Output sample in JSON{ "EventTime": "2022-08-03T15:03:33.527090+02:00", "Hostname": "DESKTOP-V65N3UR", "Severity": "ERROR", "EventID": 20, "SourceName": "Microsoft-Windows-WindowsUpdateClient", "Domain": "NT AUTHORITY", "Message": "Installation Failure: Windows failed to install the following update with error 0x8024200B: Realtek - Extension - 1.0.0.133." }
- Compressing logs collected from Windows Event Log
-
Compressing logs is one of the best ways to keep size down. I know that most of the hype is about how to get your logs to a SIEM solution. Still, there are scenarios, especially for compliance reasons, when you do not have to have your logs ready to be searched, and it does not have to be in real-time, but you need to keep them for a certain period in storage. For example, in the banking sector, it is five years. Imagine the amount of transaction logs a bank needs to retain in that period. The choice is yours to spend the money on hardware or, with the right tool, keep the size down.
For comparison, I will use the same configuration I used for the first example when we filtered the logs. It was 28.417 KB, and it is the same now. So for this example, I will set NXLog to collect the same logs, but instead of just saving them into a file, I use the xm_zlib module to compress the output on the fly.
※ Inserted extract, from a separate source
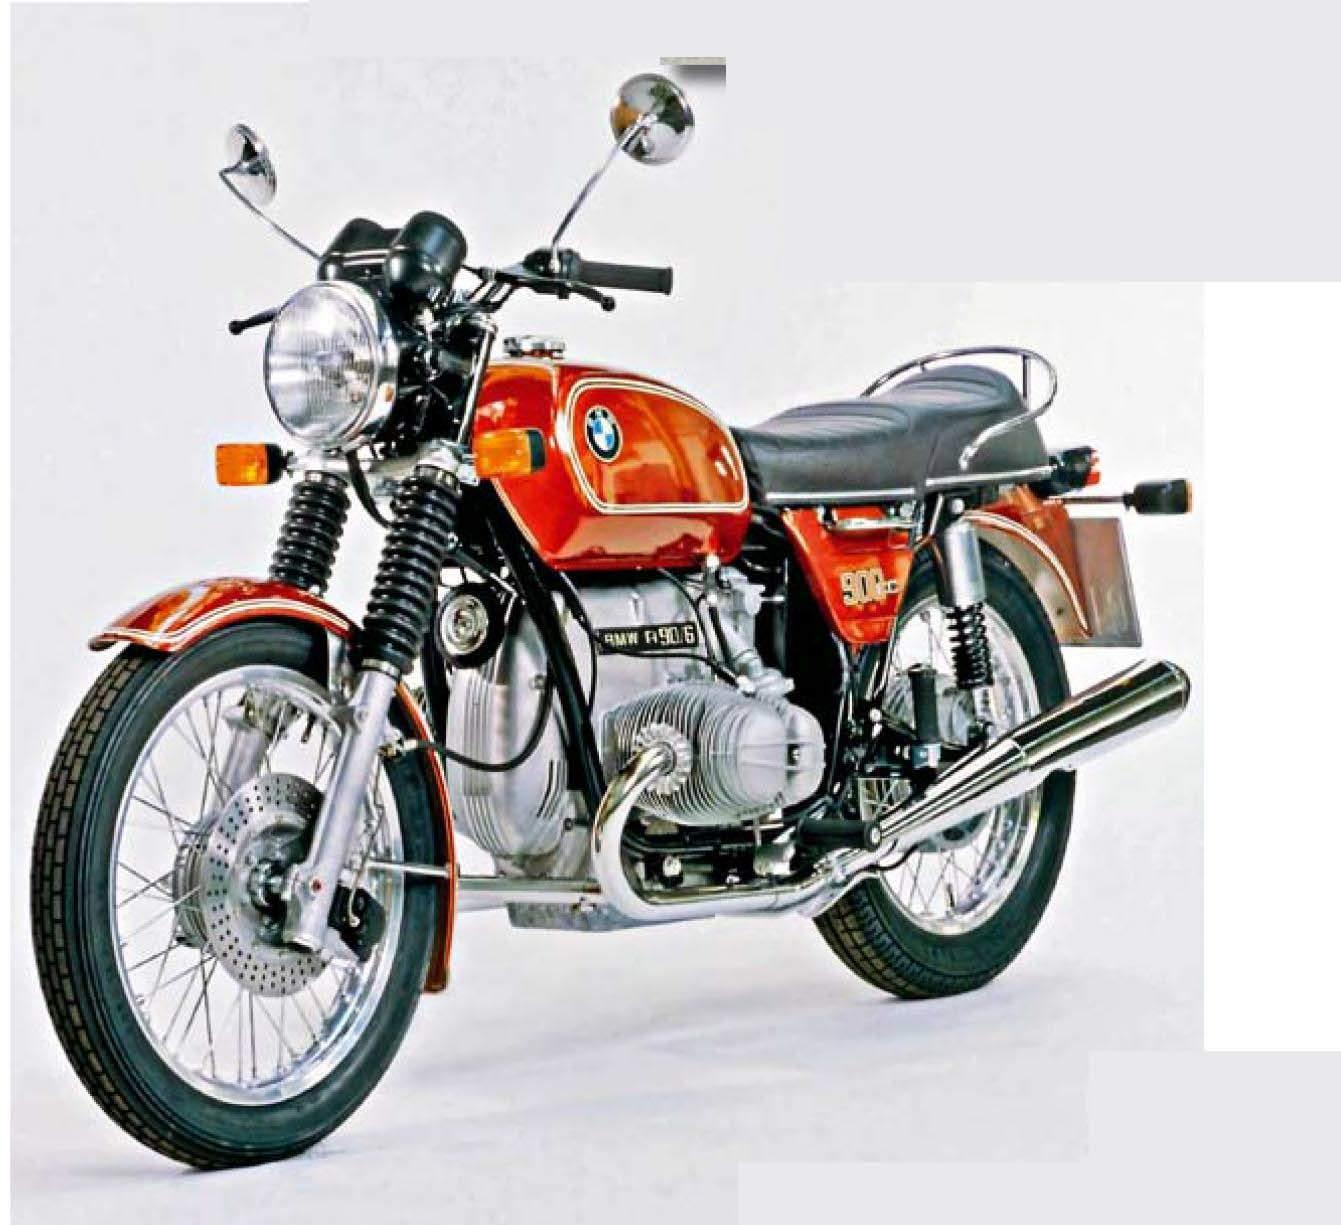 Bmwr: 1973, 1974, 1975, 1976
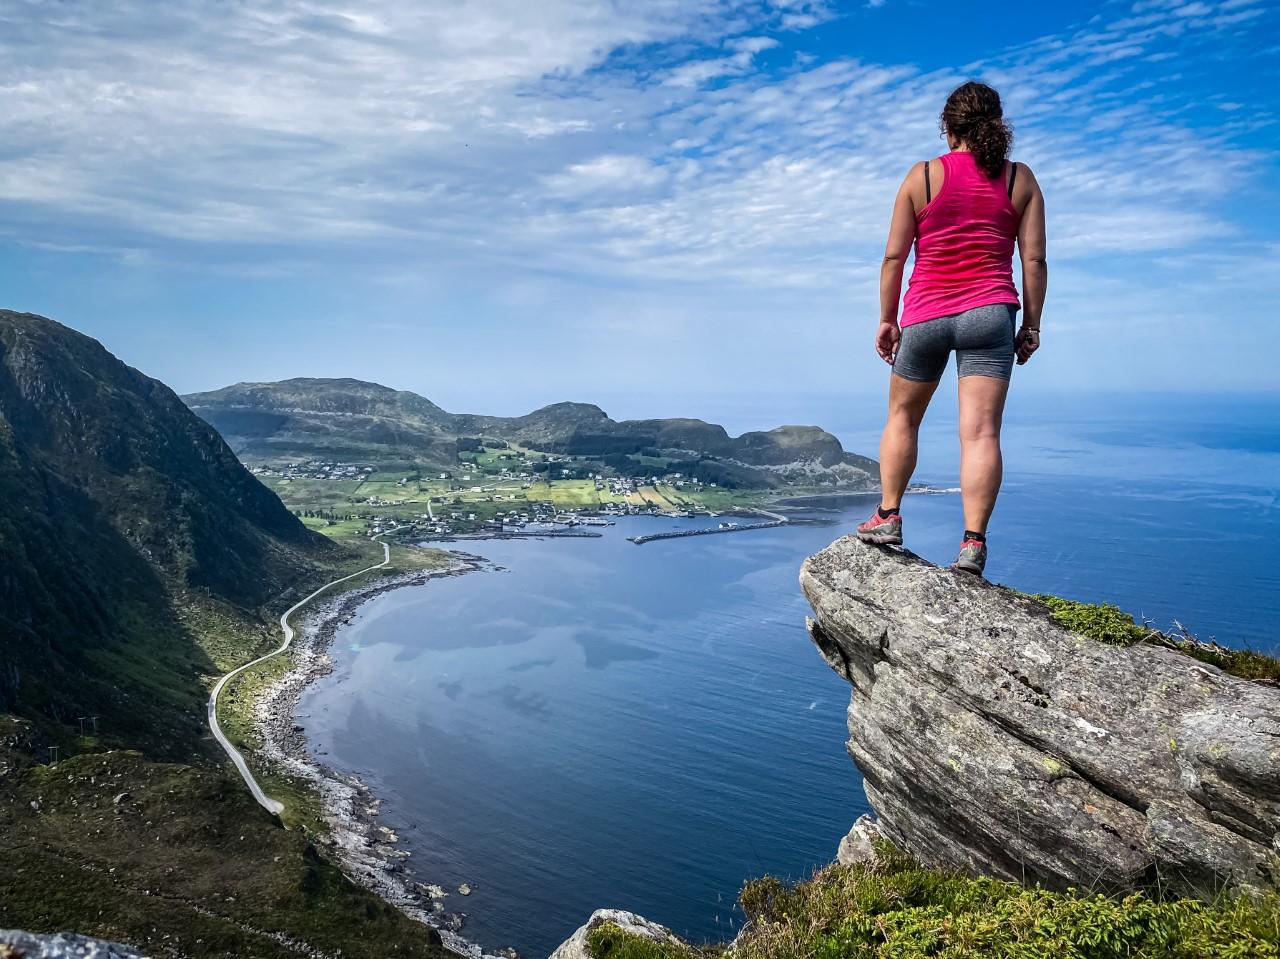 Runde Havlandet Fosnavaag reisegude reiseapp lydguide app mobilguide Voice Of Norway Foto Gard Warholm

If you ever decide to decompress your logs and send them to any analytics platform or SIEM, NXLog Enterprise Edition can also do that. The process is fully reversible, which is rather convenient if you need them in the future. nxlog.conf<Extension gzip> (1) Module xm_zlib Format gzip CompressionLevel 9 CompBufSize 16384 </Extension> <Extension syslog> (2) Module xm_json </Extension> <Input eventlog> (3) Module im_msvistalog SavePos FALSE ReadFromLast FALSE <QueryXML> <QueryList> <Query Id="0" Path="System"> <Select Path="System">*</Select> </Query> </QueryList> </QueryXML> Exec to_json(); </Input> <Output file> (4) Module om_file OutputType gzip.compress File 'C:/logs/windows_events_compressed.gz' </Output>
1 The xm_zlib extension module compresses the data. In this case, it uses the gzip compression algorithm and achieves the highest compression ratio. It utilizes a buffer size of 16384 bytes, the default setting. 2 The xm_json module formats the logs in JSON format. The input module calls it with the to_json(); procedure. 3 The im_msvistalog module collects the log entries from Windows Event Log. The to_json(); procedure invokes the xm_json extension module. 4 The om_file module is responsible for writing the output to a file. The OutputType directive determines the compression method, and the File directive specifies the path and file name. For the record, the compressed data size is 2279 KB, roughly 12 times smaller than the original size, and I have not applied any filtering or trimming. Imagine how much would be the combined saving on storage if you apply filtering and trimming as well.
Again, please consider that the purpose of my calculations is purely to show you that these things are easily doable.
Conclusion
We covered quite a few things in this post, starting from the overview of Windows Event Log and discussing the methods of reducing overall log size and how to do it. Knowing how much the number of logs and their size affects SIEM cost, the first and probably most important thing we can conclude is that optimizing your log collection is worth paying attention to. Let me put it differently: you must pay attention to it! It is a no-brainer. It is a prime opportunity to not only save money but to make life easier as well. Who does not want to do that?
Above all the exciting things I talked (wrote) about, I have elaborated on a couple of examples of how slight tweaking can affect the size and complexity of your log output. I guess this was the most exciting part: envision it through real-life examples of how easy it is to do it.
I must add that the examples here were really simple, and there is a lot more you can do to fine-tune your log collection. Nevertheless, I hope this post provided ideas and made you think of opportunities where you can use these practices in your own environment.